Study material
□ □ □ □ □ □ □

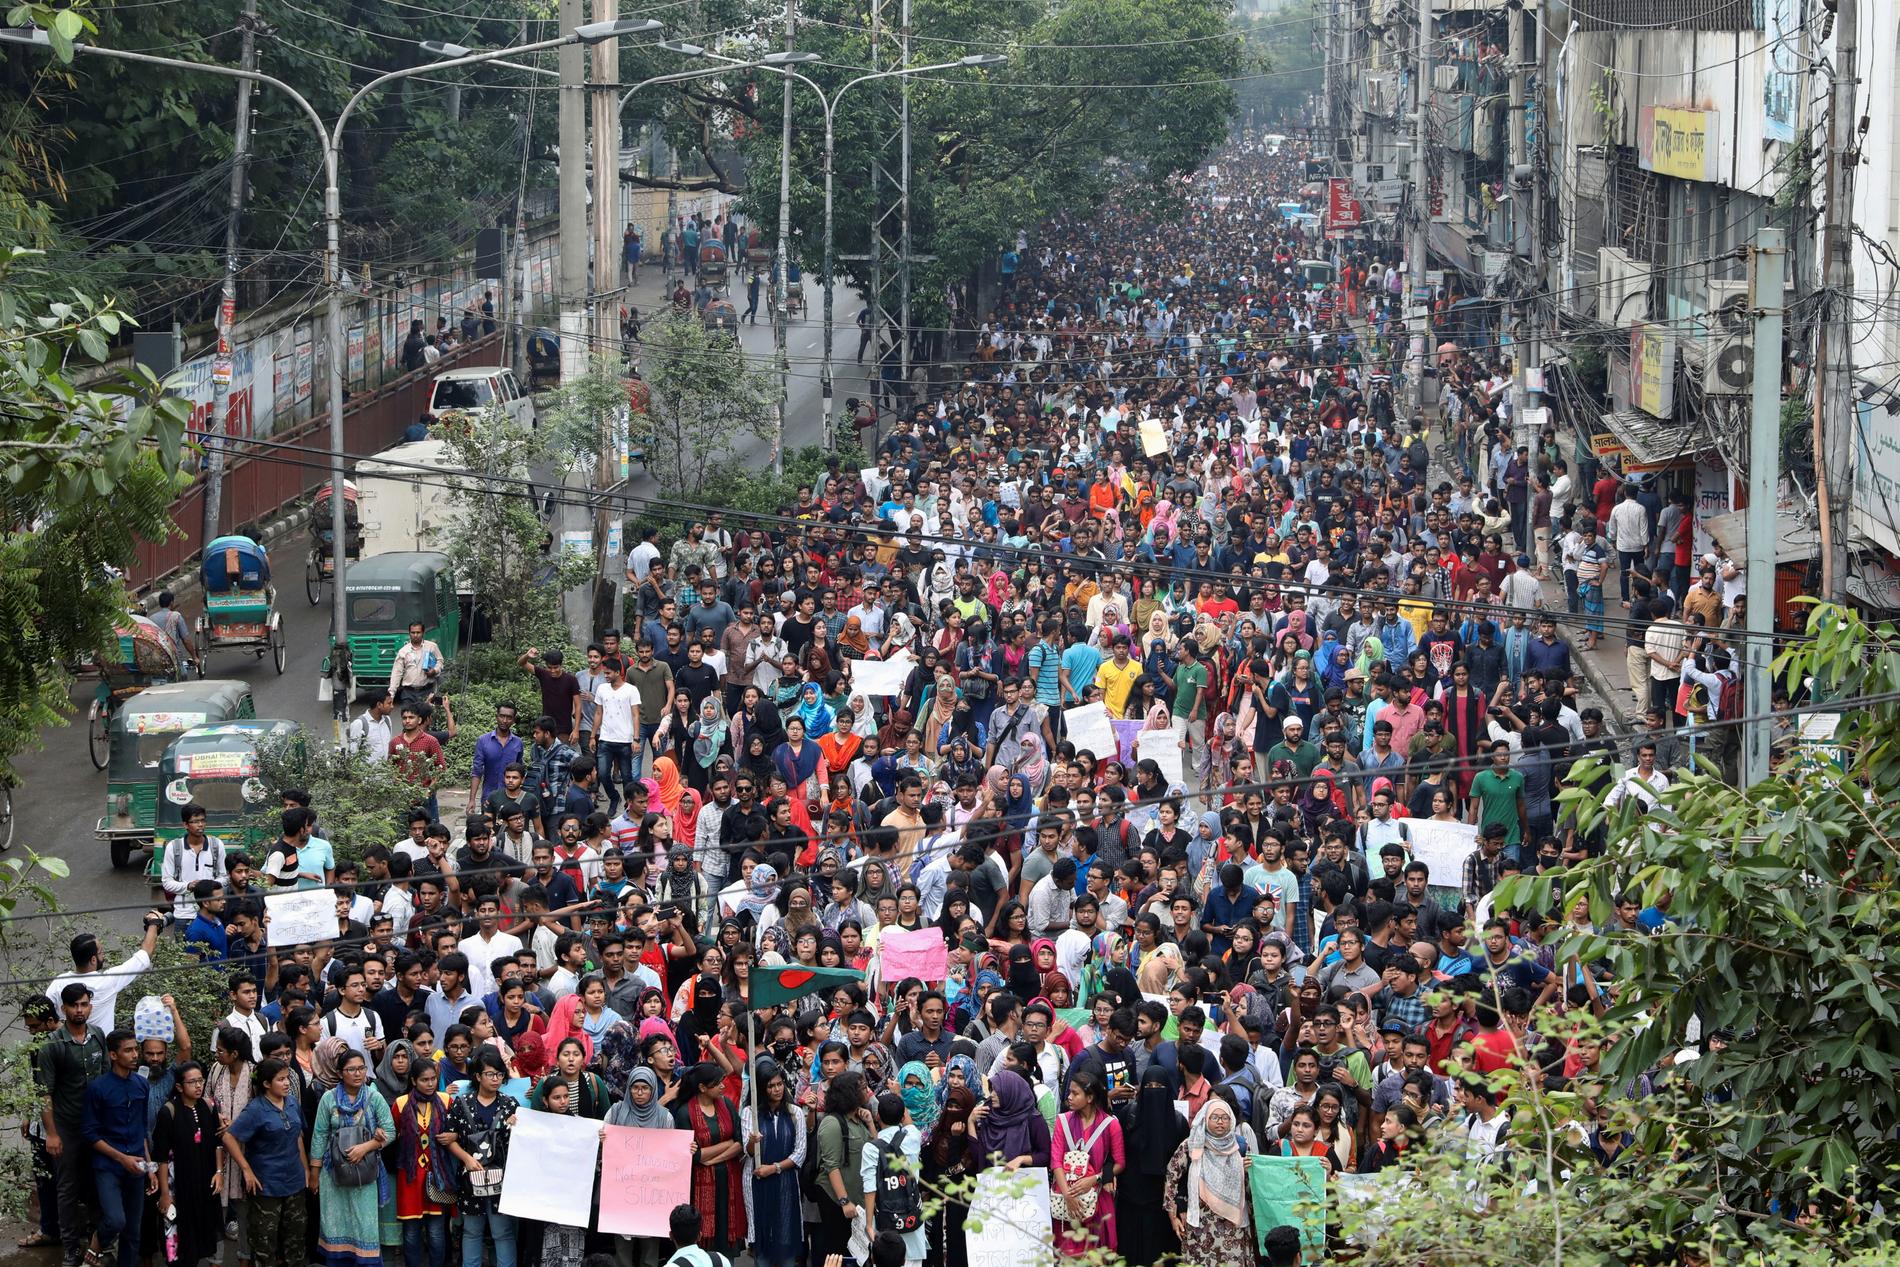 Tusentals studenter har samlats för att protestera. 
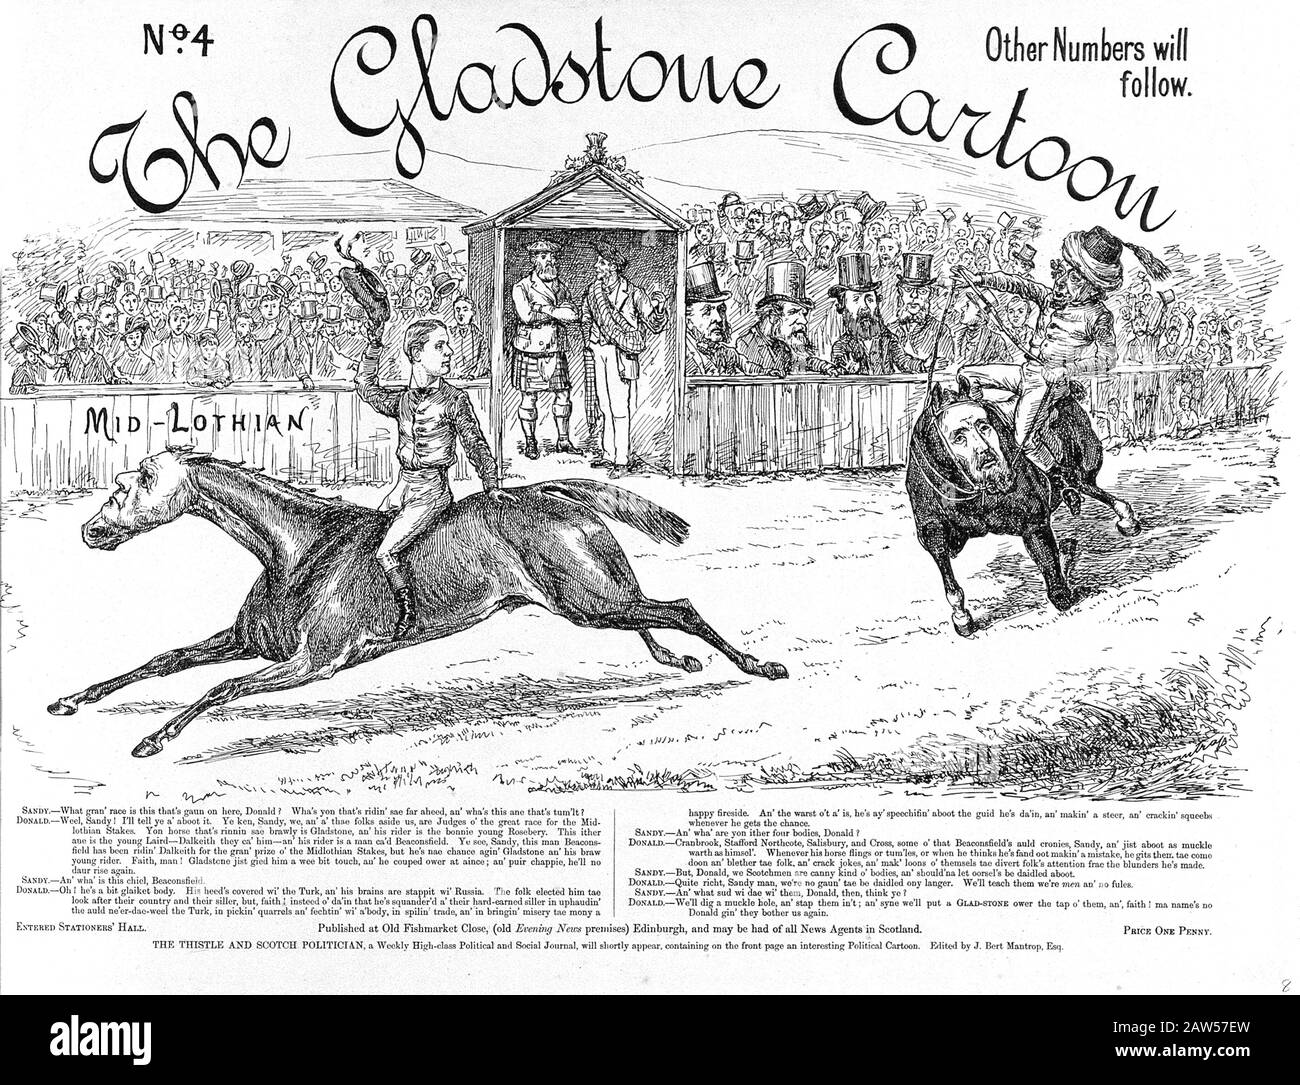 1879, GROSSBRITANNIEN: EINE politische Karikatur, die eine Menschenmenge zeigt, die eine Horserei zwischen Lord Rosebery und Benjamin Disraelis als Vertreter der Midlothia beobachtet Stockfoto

□ □ □ □ □ □ □

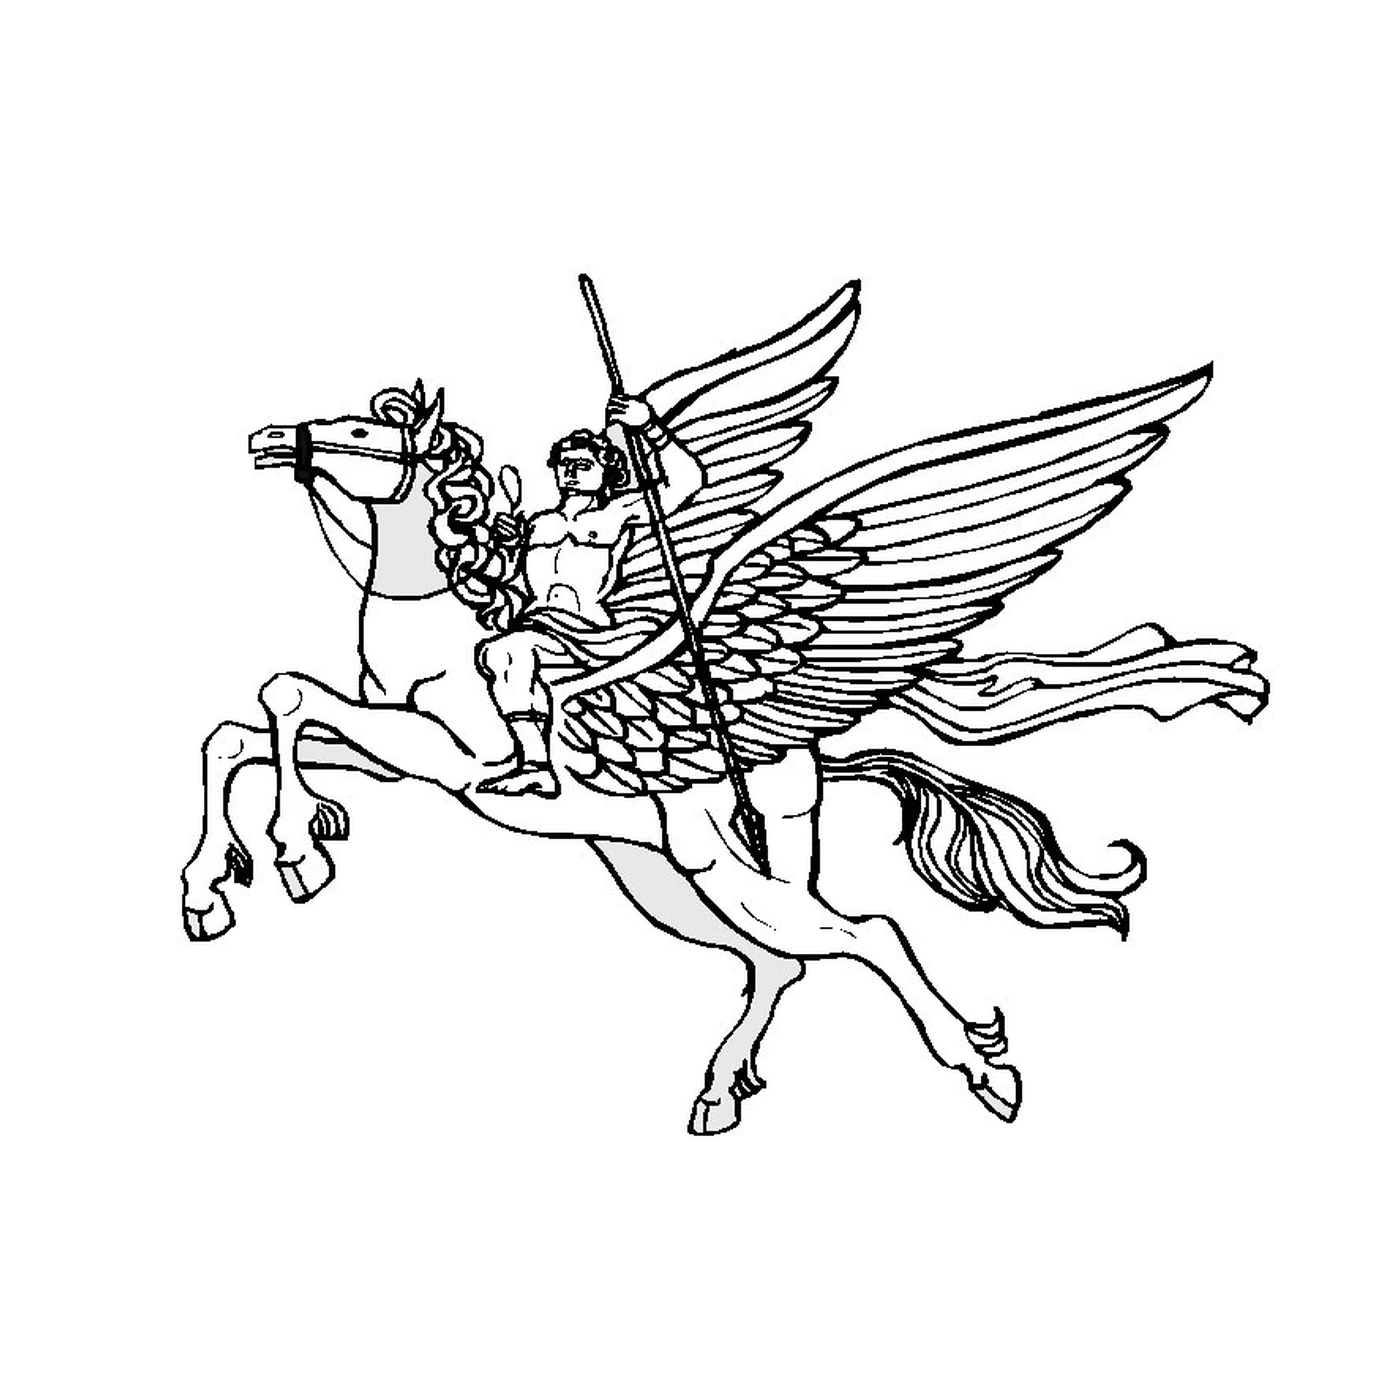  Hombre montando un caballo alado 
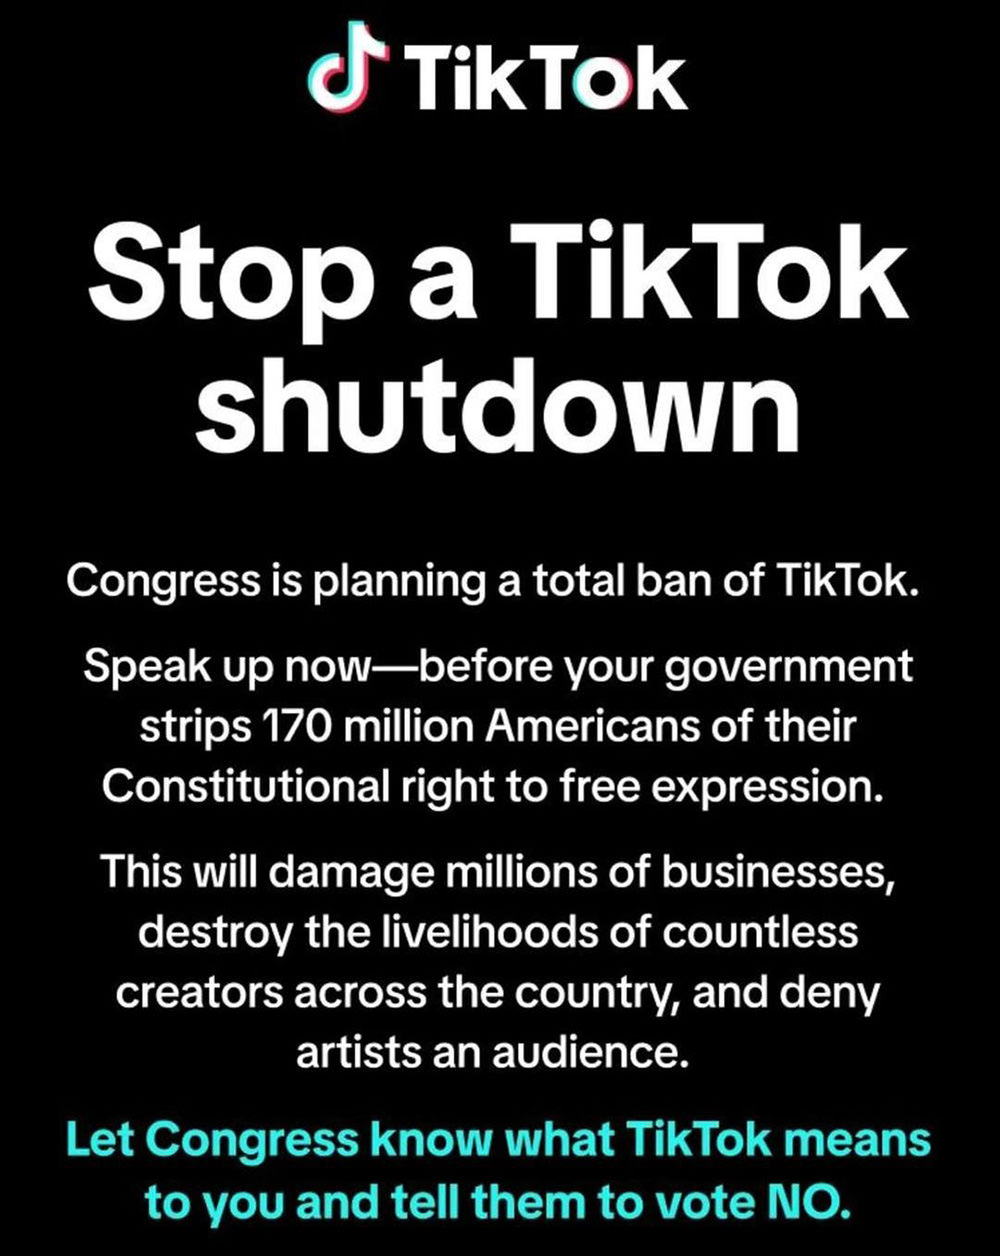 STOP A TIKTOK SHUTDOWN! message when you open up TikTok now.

□ □ □ □ □ □ □

Only one stretch of the material above is wanted: the line containing "Hombre montando un caballo alado" through the line containing "STOP A TIKTOK". Restate it word for word, minus the pictures.

Answer area
  Hombre montando un caballo alado 
 STOP A TIKTOK SHUTDOWN! message when you open up TikTok now.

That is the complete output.